By: Sarah Vordermeier
Updated on 14.05.2024

According to the World Health Organization, more than one in three people worldwide suffer from high cholesterol. Medications such as statins can protect you from heart problems caused by high cholesterol levels. But the right diet – that is, a low cholesterol diet – and an appropriate exercise routine can also help promote a normal cholesterol level.

For a long time, eggs were demonised because of their high cholesterol content. But not all cholesterol is alike. In medicine, we differentiate between healthy HDL cholesterol and unhealthy LDL cholesterol. And eggs are bursting with healthy HDL cholesterol, which can even protect you from cardiovascular disease.
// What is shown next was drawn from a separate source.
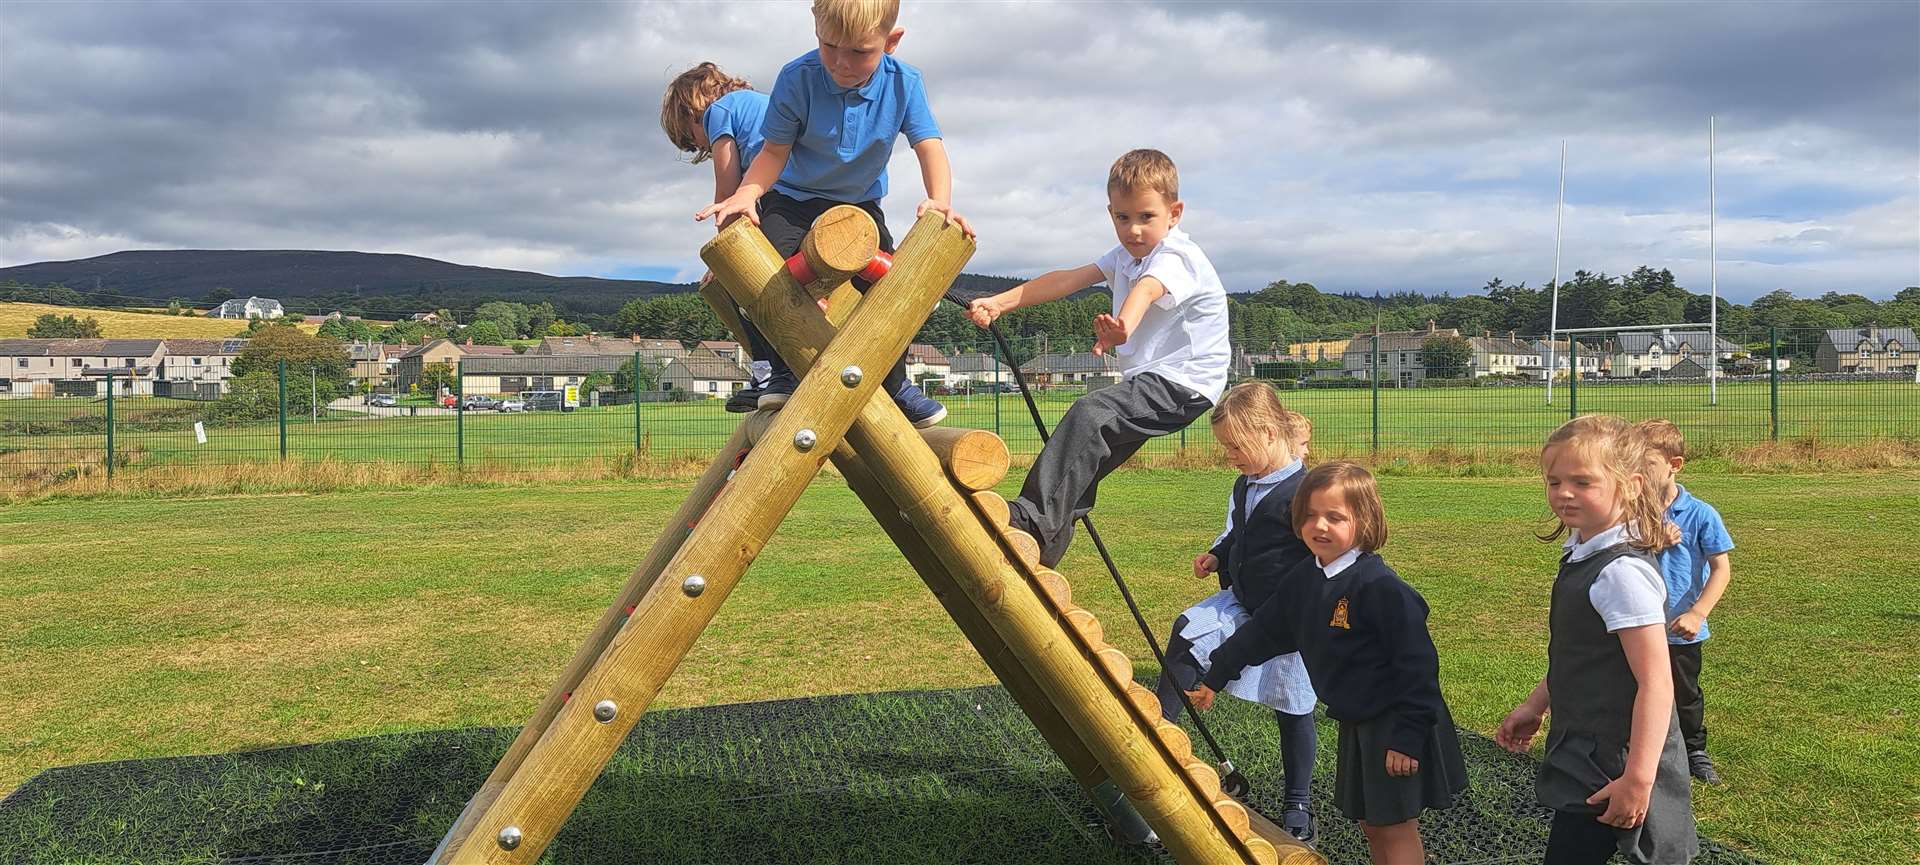 Pupils are thrilled with the new play equipment.

Find out what cholesterol does for your body and why LDL cholesterol can be so harmful to your health. Let us inform you of ways to lower cholesterol – be it through a low cholesterol diet or exercise – and generally how to maintain a normal cholesterol level.

What is cholesterol?

Cholesterol is a lipophilic substance produced in the liver. This blood fat stabilises our cell membranes and helps with digesting fat. The body produces crucial hormones such as oestrogen, cortisol and vitamin D from cholesterol. We also consume cholesterol through our diet – the more cholesterol we consume, the less cholesterol the liver produces. [1, 2]

LDL versus HDL cholesterol: what’s the difference?

Cholesterol does not flow freely through the body; it is found in two special proteins: HDL and LDL proteins. While HDL proteins absorb cholesterol from the body cells and transport it to the liver, LDL proteins incorporate cholesterol into the cell membranes. High levels of LDL cholesterol cause health problems such as high blood pressure and other cardiovascular diseases.[1]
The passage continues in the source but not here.